Before Getting Out of Debt, We Started to Save for Retirement

Young couple having fun at quarry pond
Every one of us has had "aha! moments." Epiphanies. Days when we reach a crossroads and realize that we have to make some changes. For the next two months, we're sharing moments like those in our Life Stage Lessons series: Real stories straight from the financial lives of our DailyFinance contributors about times when they realized they were due for a serious course correction. So read on, learn from our mistakes, and get inspired to improve your relationship with your money.

Getting out of debt was an all-consuming affair for my husband and me. Every extra cent was going toward paying off our student loans in the hopes that we could be debt-free in less than two years.

We were following all the financial advice we could get our hands on, and everything we read said we first needed to save up a small emergency fund, which we did. Next, we were advised to put any and all extra money toward our debt and to wait until we were debt-free to save for retirement. And for a while, we followed that advice to a T. We didn't realize there was a flaw until several months into our debt payoff process.

Free Money Left on the Table

My husband and I were both working full time, and both of our employers offered a 401(k) match. We barely knew the definition of a 401(k), and so we took little notice of our companies' offerings. But one day, my husband did some research on a 401(k), and what he found had us both rethinking our decision to wait until we were out of debt to save for retirement. And here's why.

When a company offers to match an employee's retirement contributions, it is really saying, "We want to give you free money." My husband's company offered a 100 percent match up to 3 percent of his income for each paycheck. My company had a similar offering -- totally free money we were both missing out on.

Compound Growth

When money is contributed to a 401(k), it becomes subject to compound growth, which allows that money to make money babies. And those money babies make more money babies, and so on. Once we learned how compound growth worked, we realized the key to retirement success was the duration our money had to grow. Even if we tried playing catch-up and contributed the same amount to retirement ten years in the future vs. now, our end result come retirement age would be much different.

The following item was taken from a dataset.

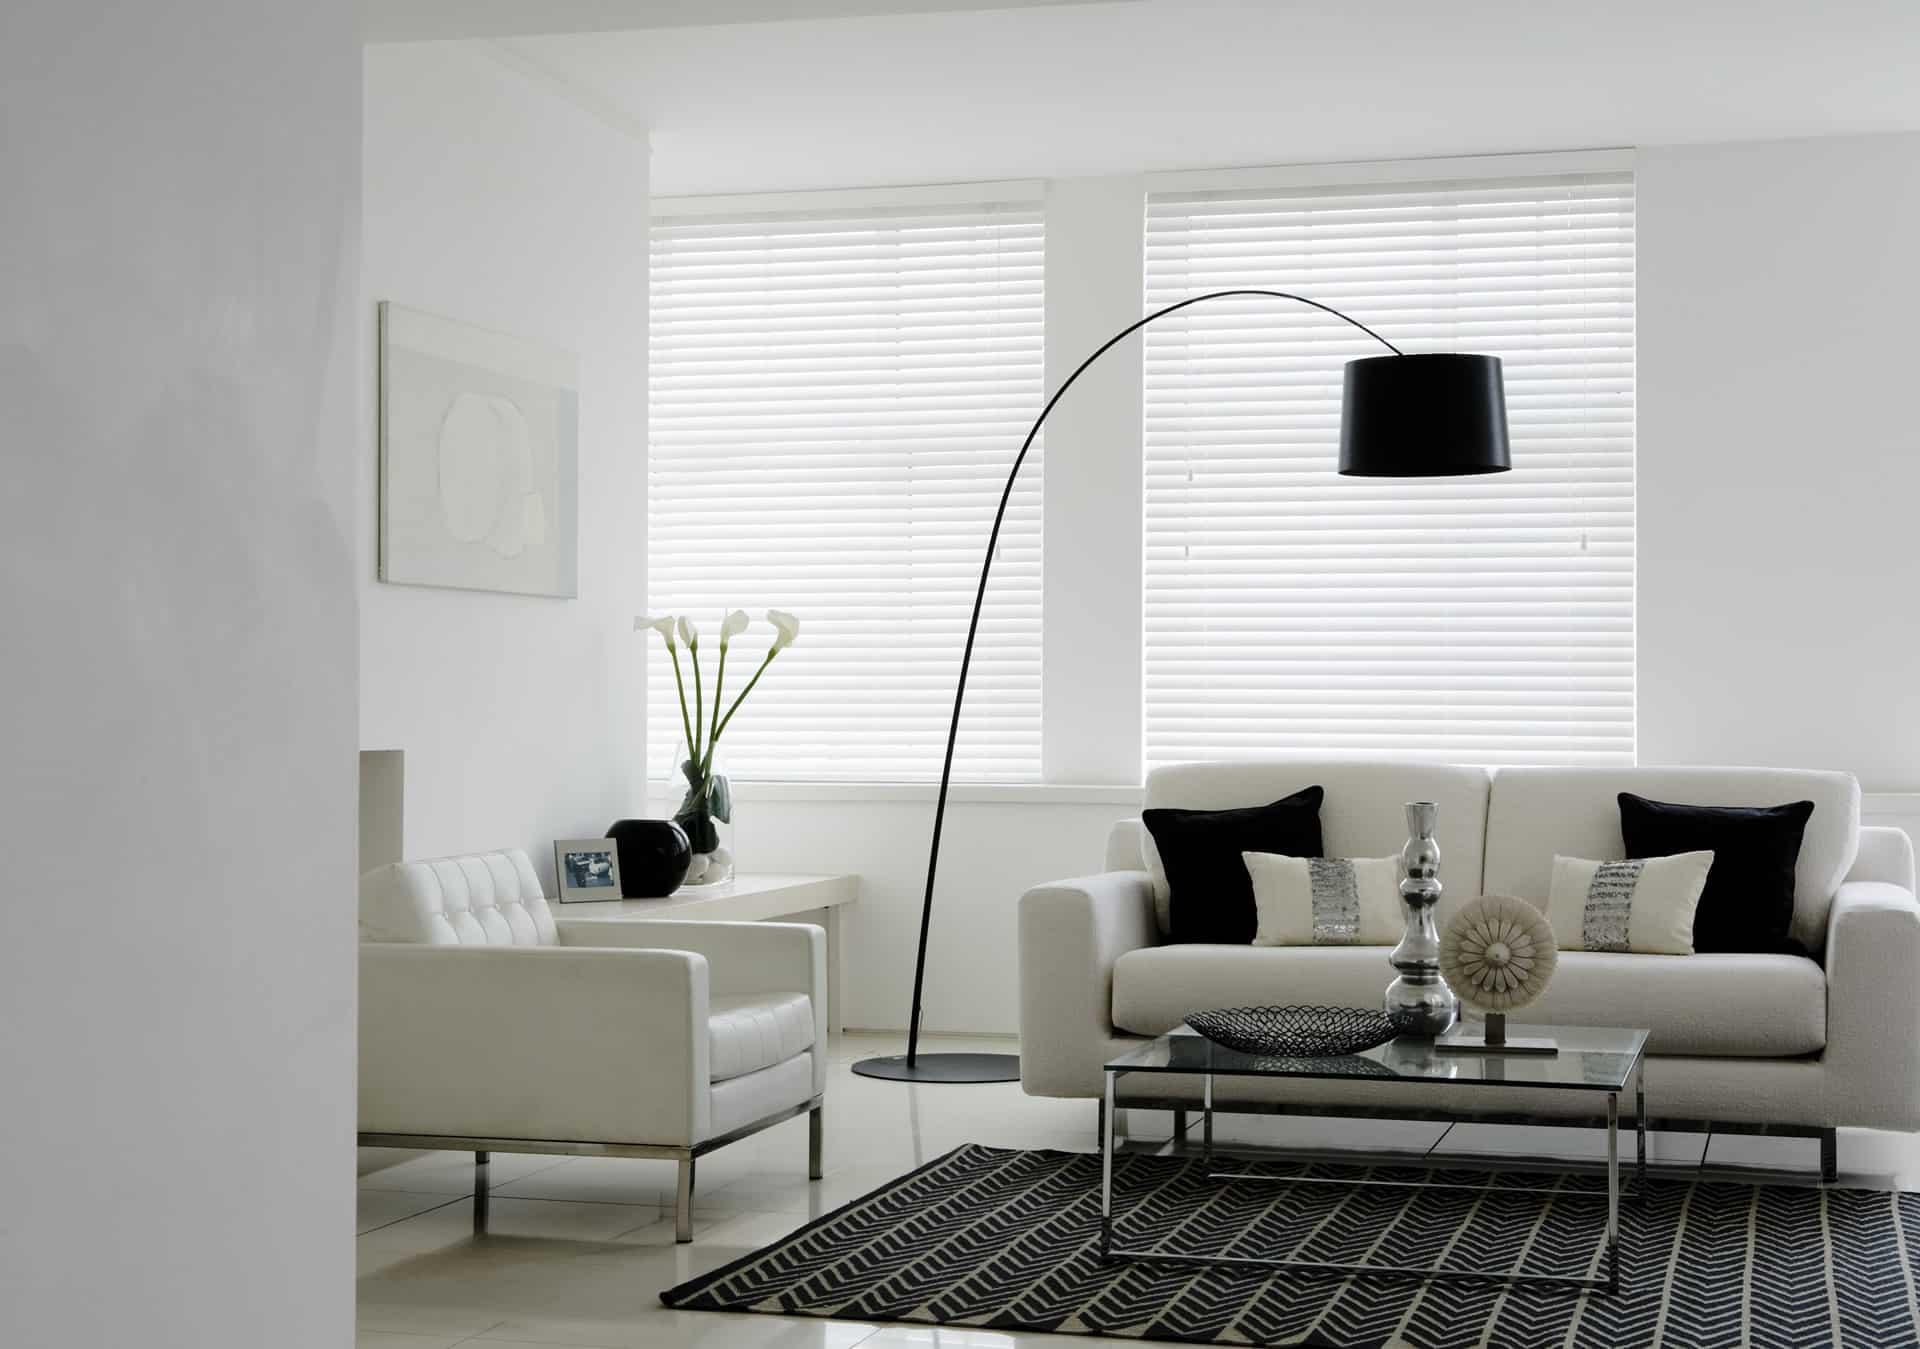 Fauz wooden blinds Newcastle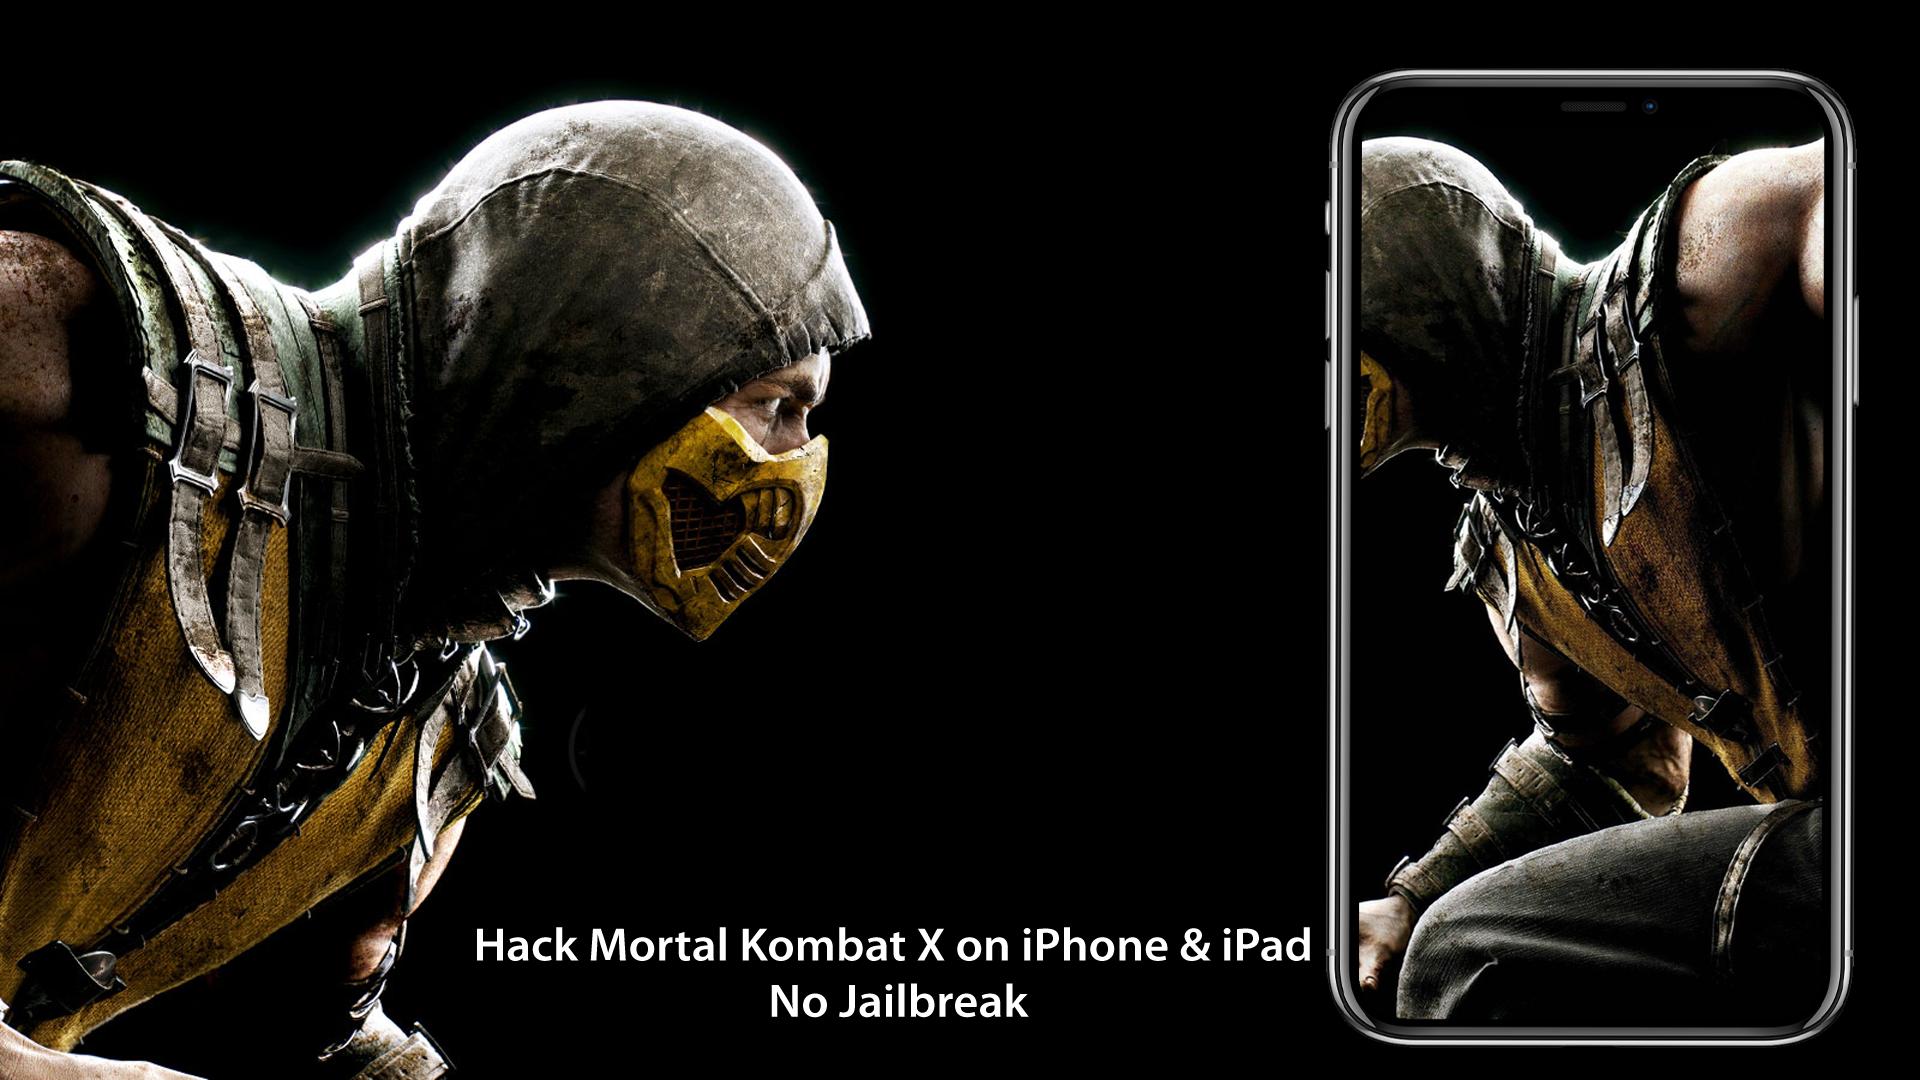 Mortal Kombat X Hack on iOS 12 Without Jailbreak [100

After weighing the pros and cons of contributing to retirement before our debt was paid off, we decided it was worth it to start contributing right away. Our debt payoff plan would only be delayed by a couple of months, and in the meantime, we were being given free money and reaping the rewards of compound growth. If you're waiting to take advantage of your employer's 401(k) match until you're out of debt, it may be time to rethink saving for retirement now.